Supreme Court Reverses Planting Ban on Roundup Ready Alfalfa

June 25, 2010 Bookmark and Share

The U.S. Supreme Court this week reversed a lower court’s nationwide ban on the cultivation of biotech alfalfa, considered a victory in the Court’s first case examining the technology.

In the case, Monsanto Co. v. Geertson Seed Farms, environmental groups and individual organic alfalfa farmers sued USDA, claiming the Department’s decision to grant deregulated status to glyphosate-tolerant, or Roundup Ready, alfalfa violated the National Environmental Policy Act (NEPA).

The courts in the Ninth Circuit determined that USDA should have conducted an environmental impact statement (EIS) before it decided to deregulate and ultimately enjoined almost all planting and sale of Roundup Ready alfalfa pending the issuance of the EIS. The Supreme Court’s decision this week reversed the injunction, finding that the lower court went too far in presuming that the only remedy available for a NEPA violation is a nationwide injunction rather than the USDA Animal and Plant Health Inspection Service’s (APHIS) proposed partial deregulation.

Still, it is unclear if the decision will ultimately lead to Roundup Ready alfalfa being planted this season. The Supreme Court remanded the case back to the lower court and USDA to determine what interim measures can be implemented while the agency completes an EIS, which isn’t expected to be done until next spring.

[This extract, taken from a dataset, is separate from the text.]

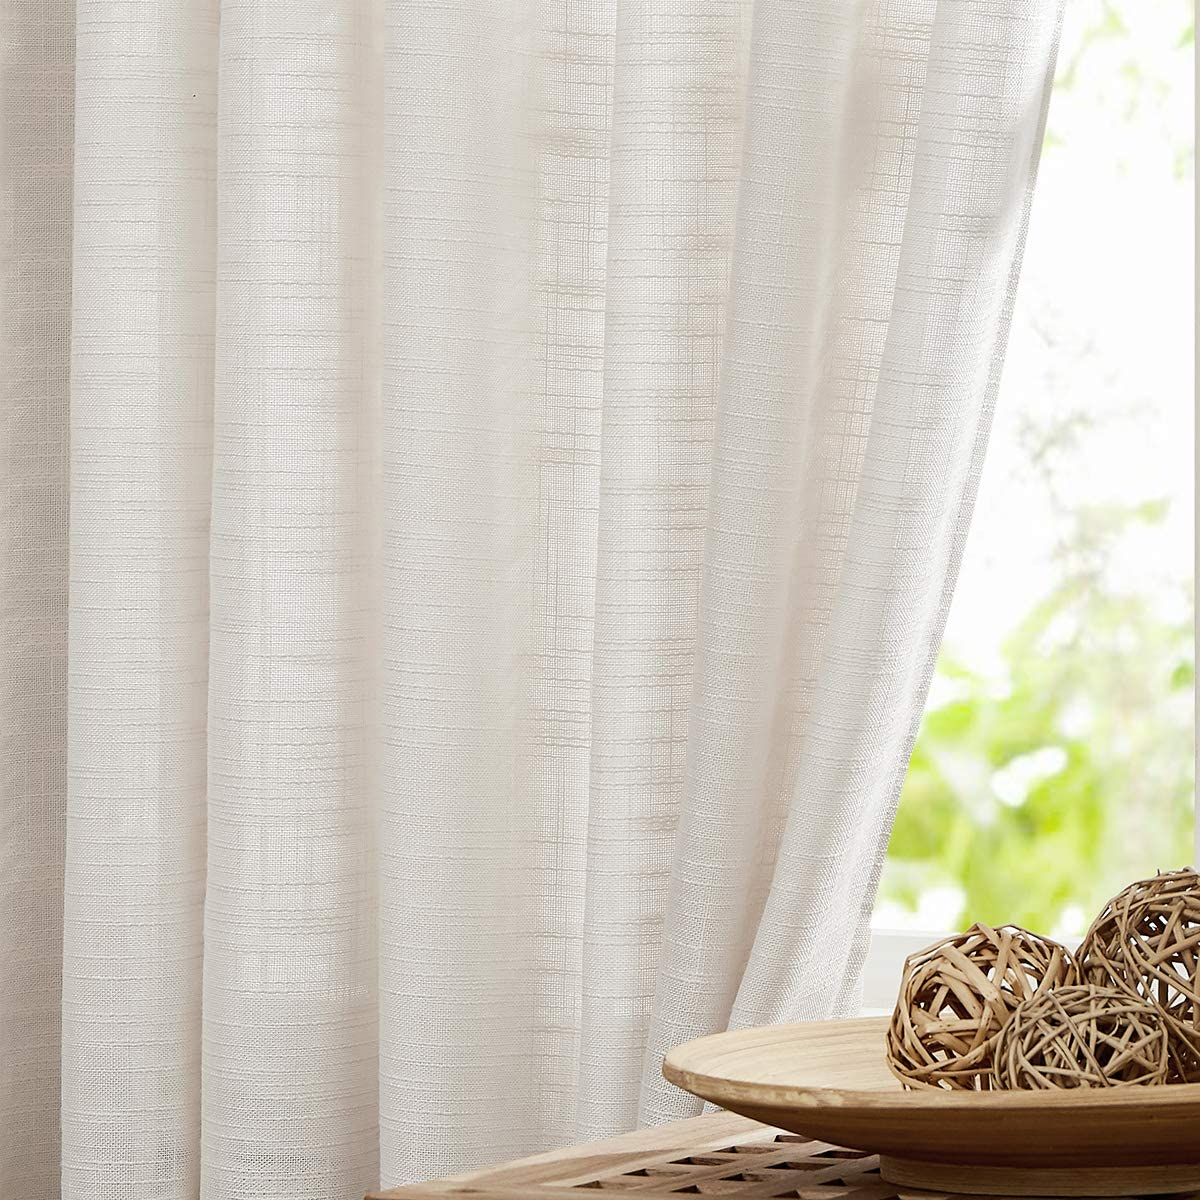 Natural Semi-Sheer Linen Curtains for Rich Room Cross Wea Living Ranking Virginia Beach Mall TOP4

Fifty-one Members of the House of Representatives and five Senators wrote Secretary of Agriculture Tom Vilsack this week saying the Department’s initial finding that Roundup Ready alfalfa has no significant impact on the environment or other crops “cannot be justified” and asking him to deny a request for even partial deregulation.

There is no commercialized biotech wheat anywhere in the world, but NAWG believes biotechnology’s introduction into the wheat crop is necessary for the wheat industry to increase productivity, attract acres back to the crop and feed a growing global population in a sustainable way.

In March, NAWG joined a coalition of agricultural organizations in filing a joint friend-of-the-court brief urging the injunction be reversed, and NAWG leaders continue working with coalition partners to demonstrate the importance of biotechnology for producers.